(ENTRIES PROVIDED Opens)

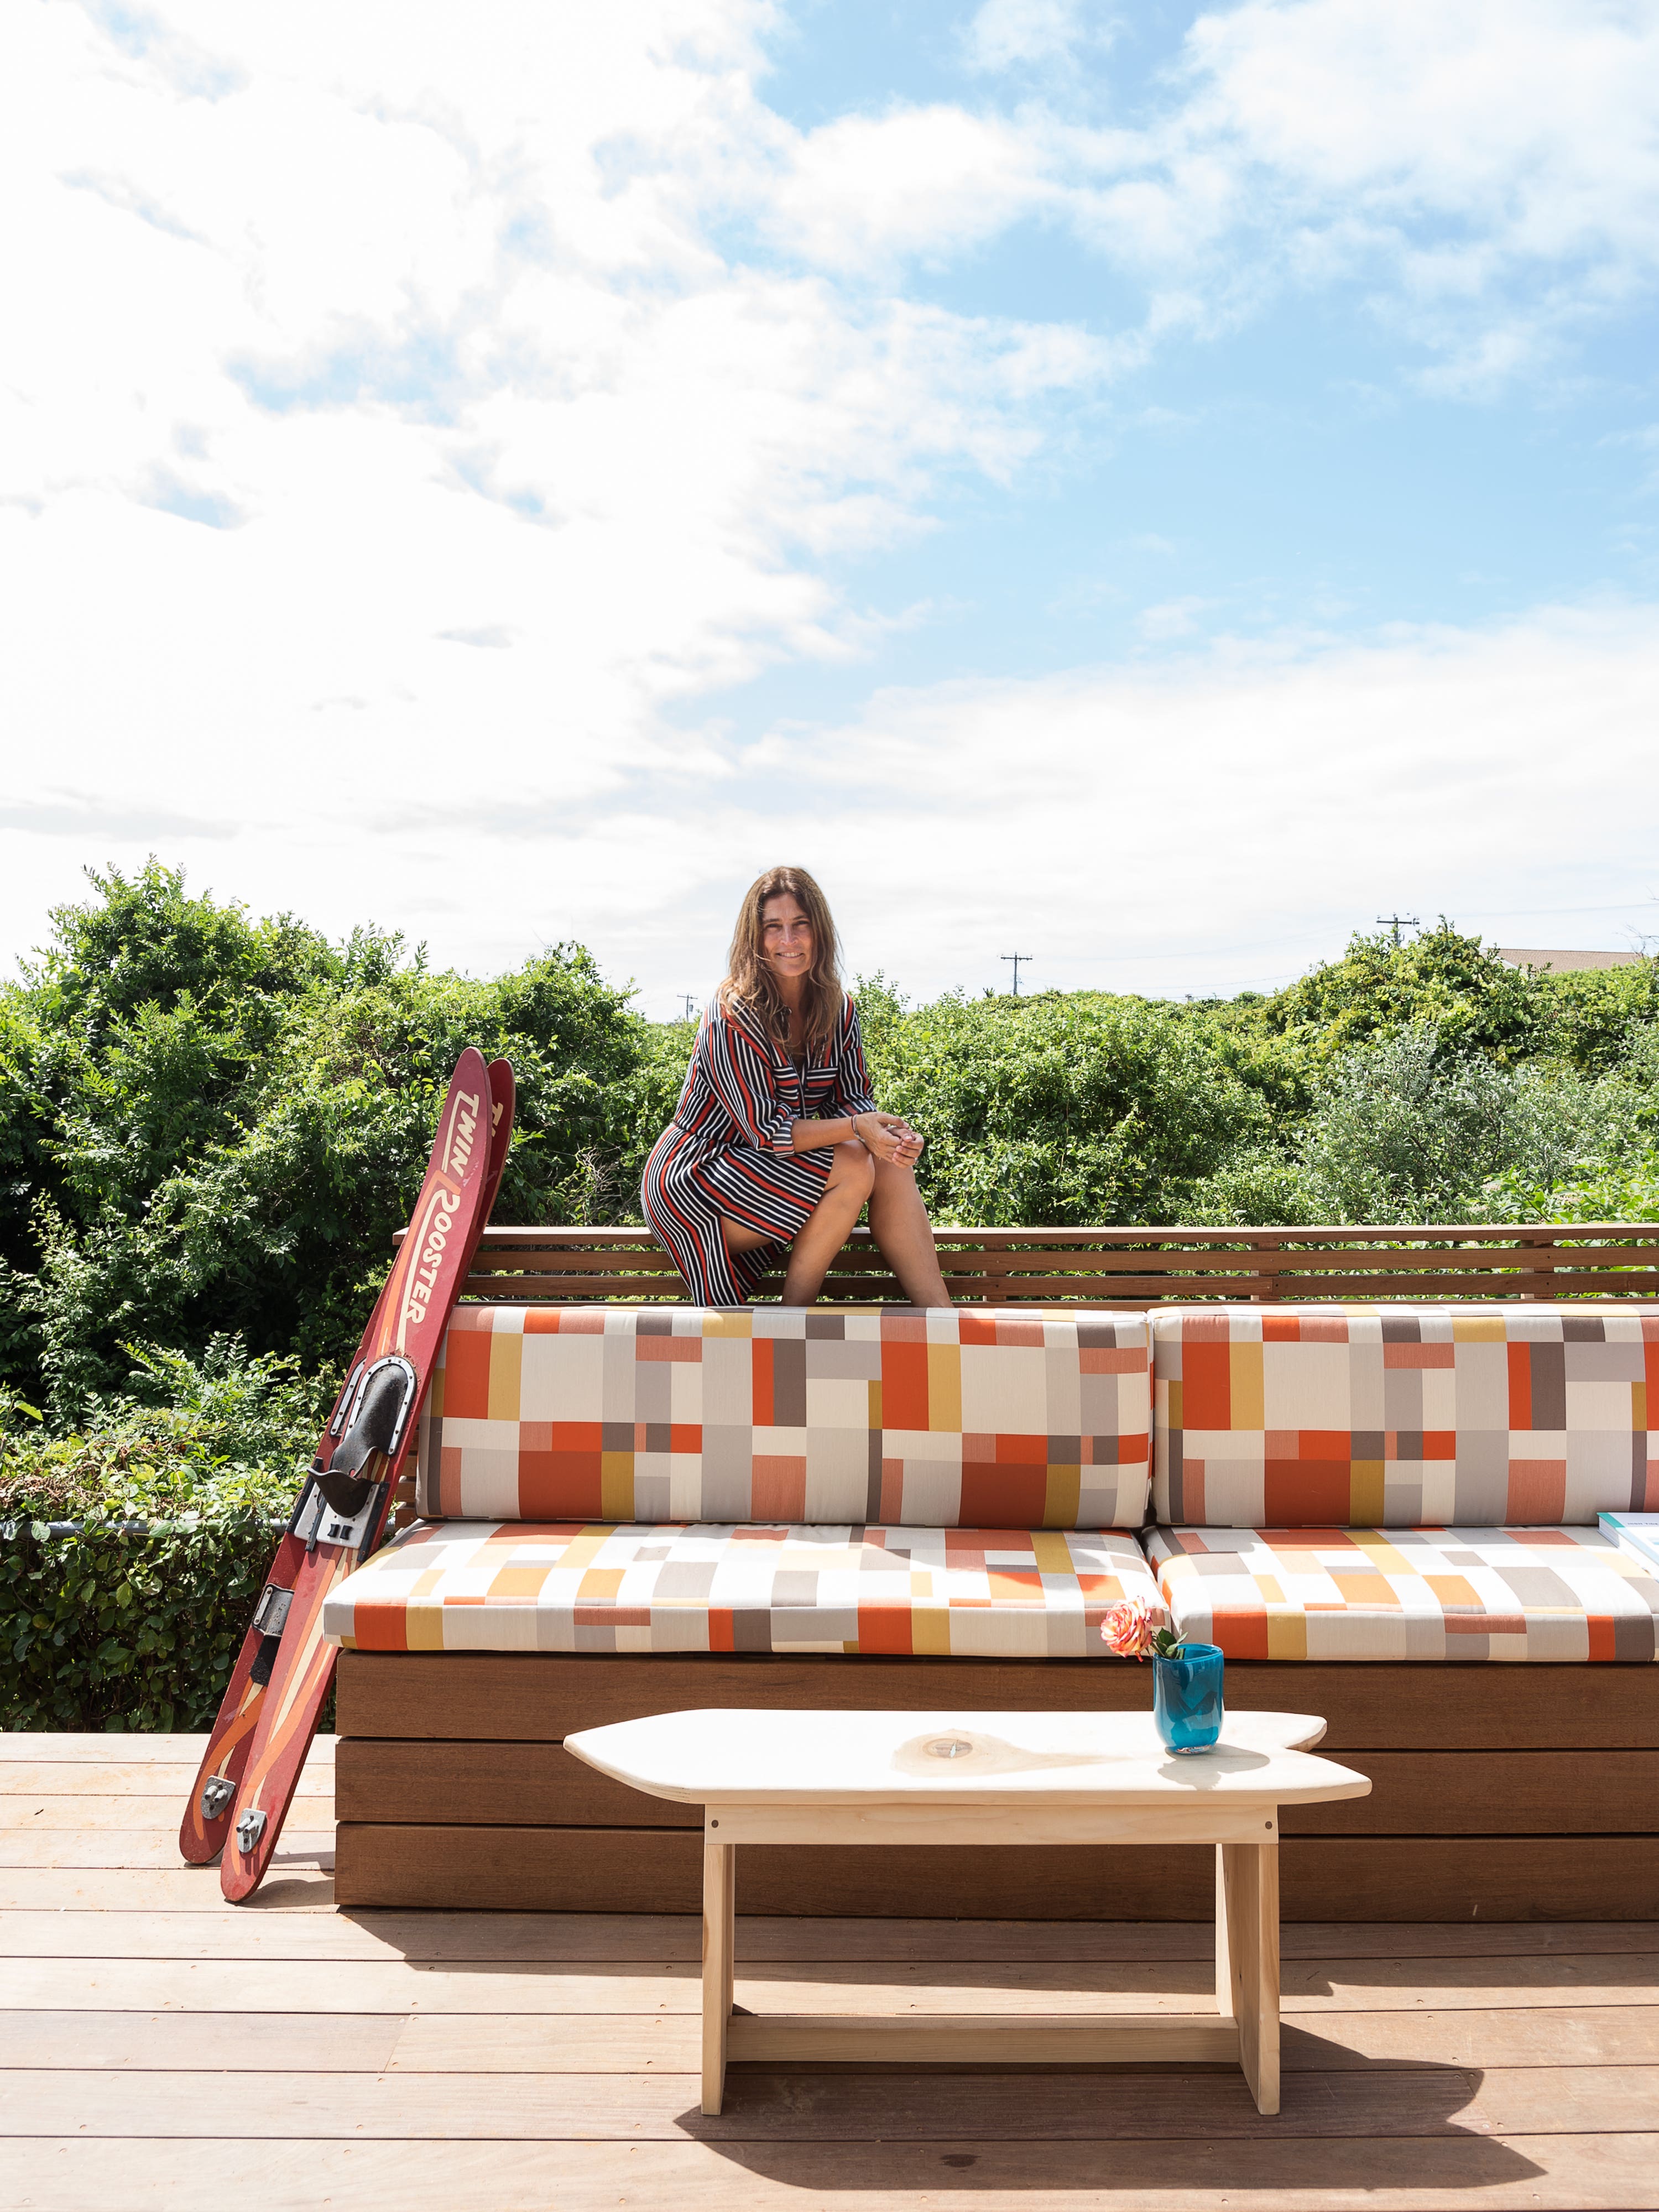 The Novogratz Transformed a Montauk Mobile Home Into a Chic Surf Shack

(ENTRIES PROVIDED Closes)
(ENTRIES PROVIDED Opens)

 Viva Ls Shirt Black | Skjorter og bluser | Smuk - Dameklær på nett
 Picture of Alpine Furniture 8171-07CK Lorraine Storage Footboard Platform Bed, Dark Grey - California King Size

(ENTRIES PROVIDED Closes)

EXERCISE DIRECTIONS - Your task for the entries above: copy exactly the span starting with the line with "Viva Ls Shirt" and going on through the line with "Picture of Alpine", both lines included, and nothing else.

FINISHED EXERCISE -
 Viva Ls Shirt Black | Skjorter og bluser | Smuk - Dameklær på nett
 Picture of Alpine Furniture 8171-07CK Lorraine Storage Footboard Platform Bed, Dark Grey - California King Size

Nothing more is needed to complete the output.